Because if God wasn’t a Trinity, then he wouldn’t be inherently loving:
If God exists but is unipersonal, then there was a time when God was not love. Before God created the world, when there was only one divine person, there was no lover, because love can exist only in a relationship.
If a unipersonal God had created the world and its inhabitants, such a God would not in his essence be love. Power and greatness possibly, but not love. But if from all eternity, without end and without beginning, ultimate reality is a community of persons knowing and loving one another, then ultimate reality is about love relationships.
Why would a triune God create a world? If he were a unipersonal God, you might say, “Well, he created the world so he can have beings who give him worshipful love, and that would give him joy.” But the triune God already had that—and he received love within himself in a far purer, more powerful form than we human beings can ever give him. So why would he create us? There’s only one answer.
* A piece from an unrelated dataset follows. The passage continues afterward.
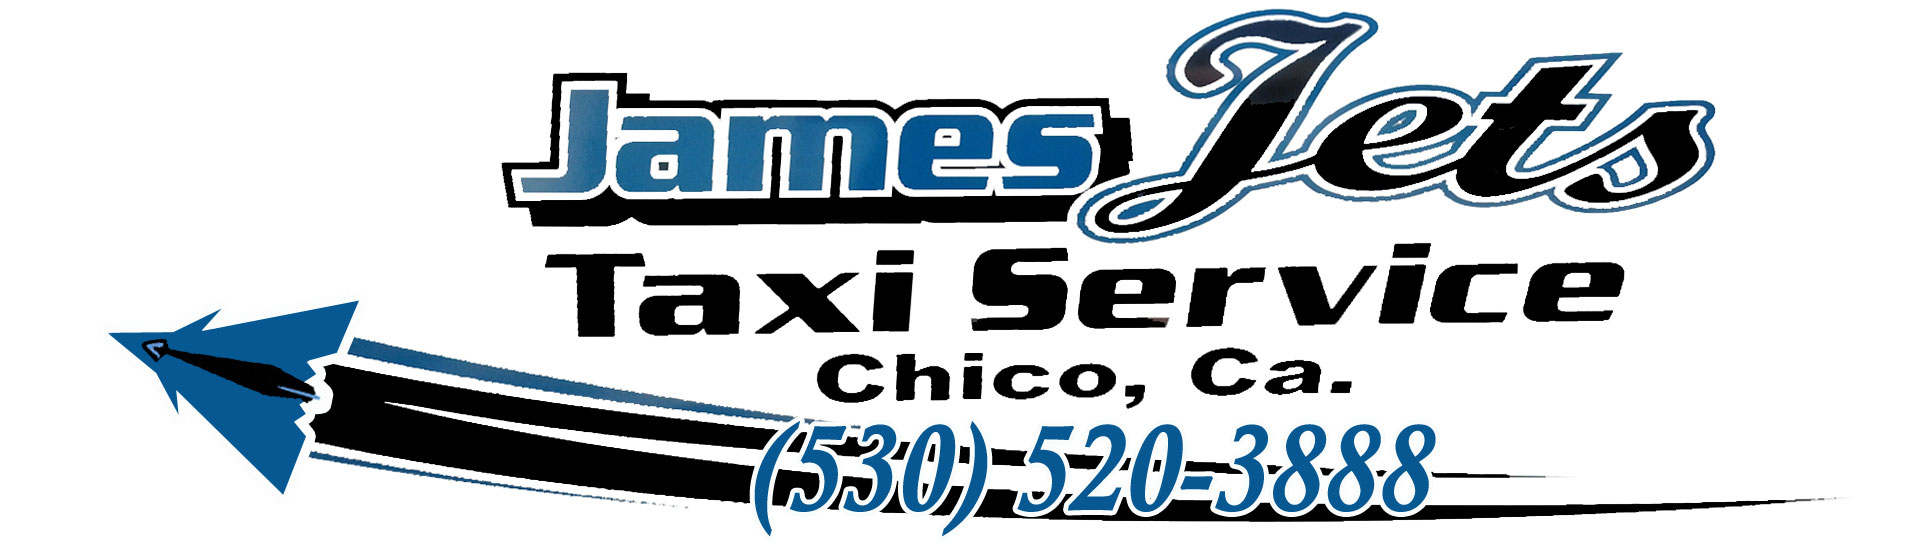 James Evans Taxi Service

He must have created us not to get joy but to give it. He must have created us to invite us into the dance, to say: If you glorify me, if you center your entire life on me, if you find me beautiful for who I am in myself, then you will step into the dance, which is what you are made for. You are made not just to believe in me or to be spiritual in some general way, not just to pray and get a bit of inspiration when things are tough. You are made to center everything in your life on me, to think of everything in terms of your relationship to me. To serve me unconditionally. That’s where you’ll find your joy.